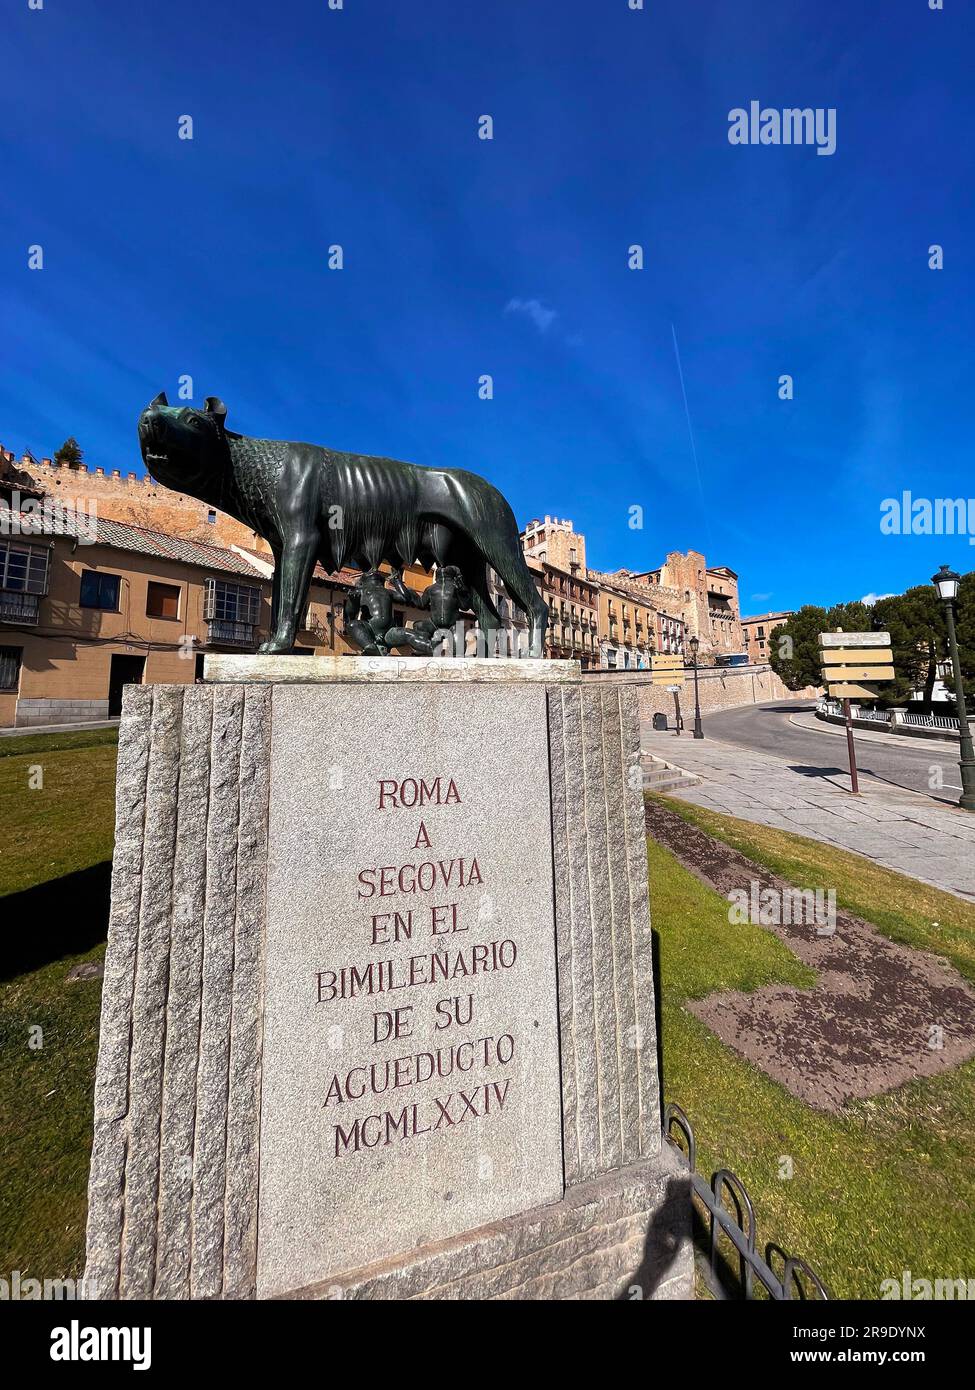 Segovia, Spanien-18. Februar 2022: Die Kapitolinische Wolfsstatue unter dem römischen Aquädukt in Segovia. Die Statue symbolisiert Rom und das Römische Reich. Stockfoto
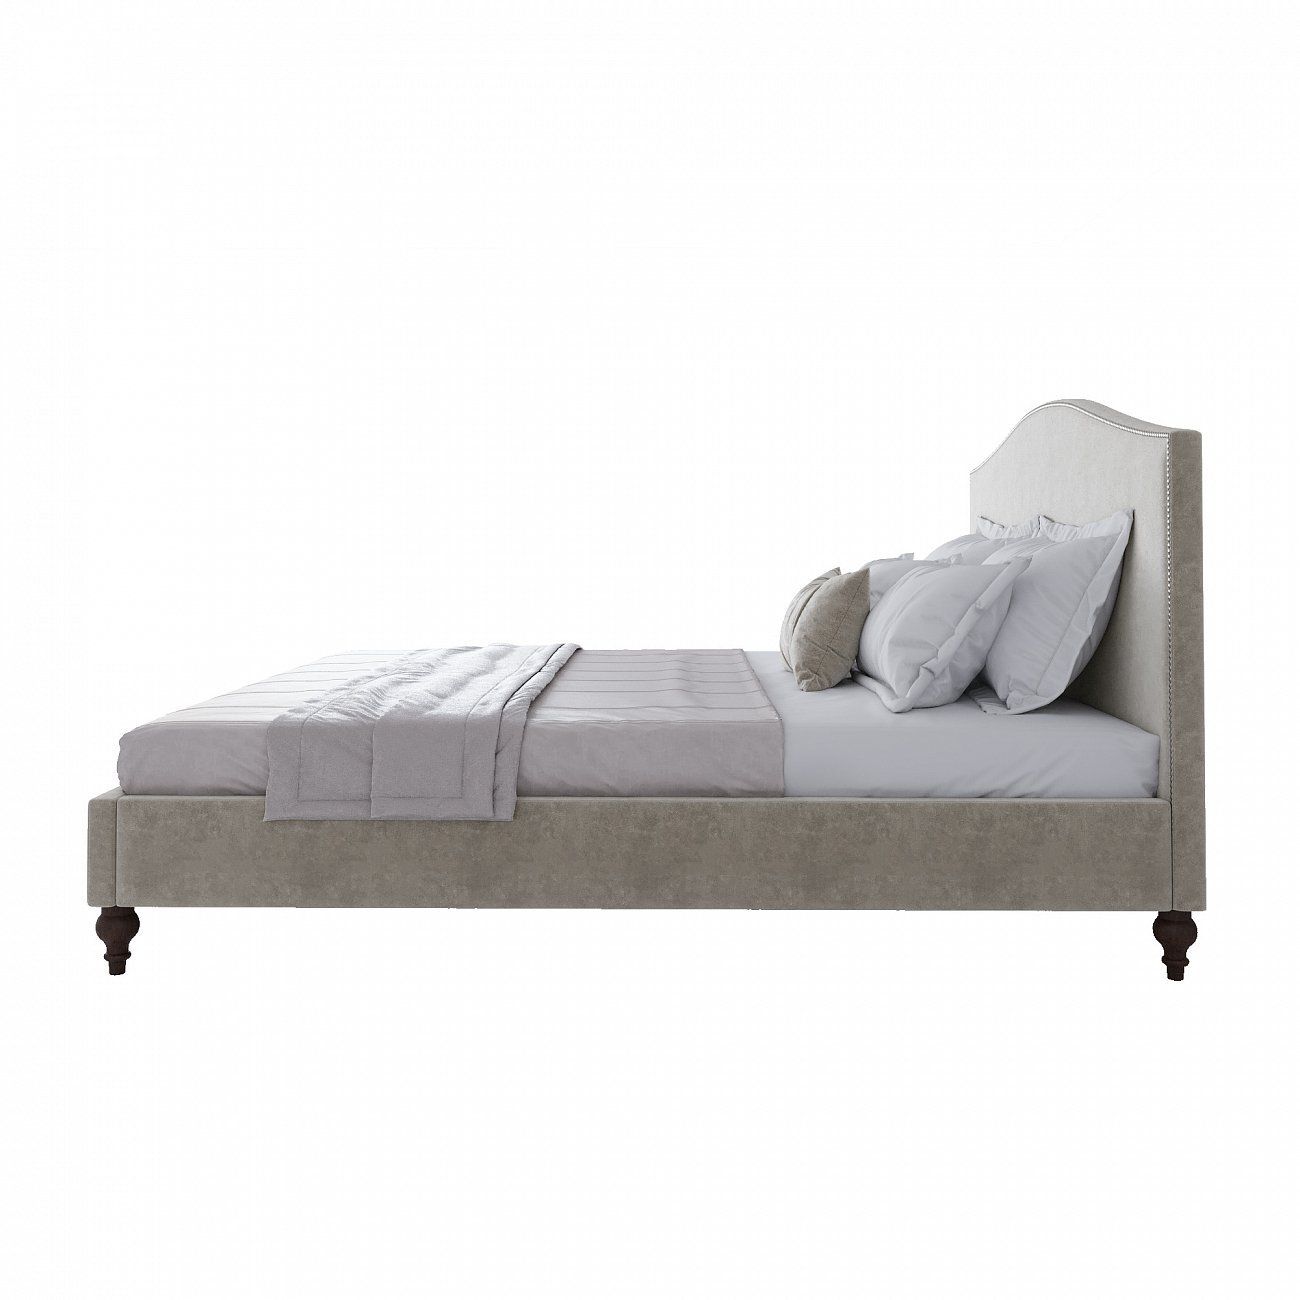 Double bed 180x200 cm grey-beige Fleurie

--

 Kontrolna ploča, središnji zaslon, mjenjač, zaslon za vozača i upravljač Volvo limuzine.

> _ASSIGNMENT_
Where a picture appears in the records above, omit it, and transcribe exactly the stretch of lines from the one with "Segovia, Spanien-18. Februar" through the one with "Double bed 180x200 cm grey-beige Fleurie".

> _TASK SOLUTION_
 Segovia, Spanien-18. Februar 2022: Die Kapitolinische Wolfsstatue unter dem römischen Aquädukt in Segovia. Die Statue symbolisiert Rom und das Römische Reich. Stockfoto
 Double bed 180x200 cm grey-beige Fleurie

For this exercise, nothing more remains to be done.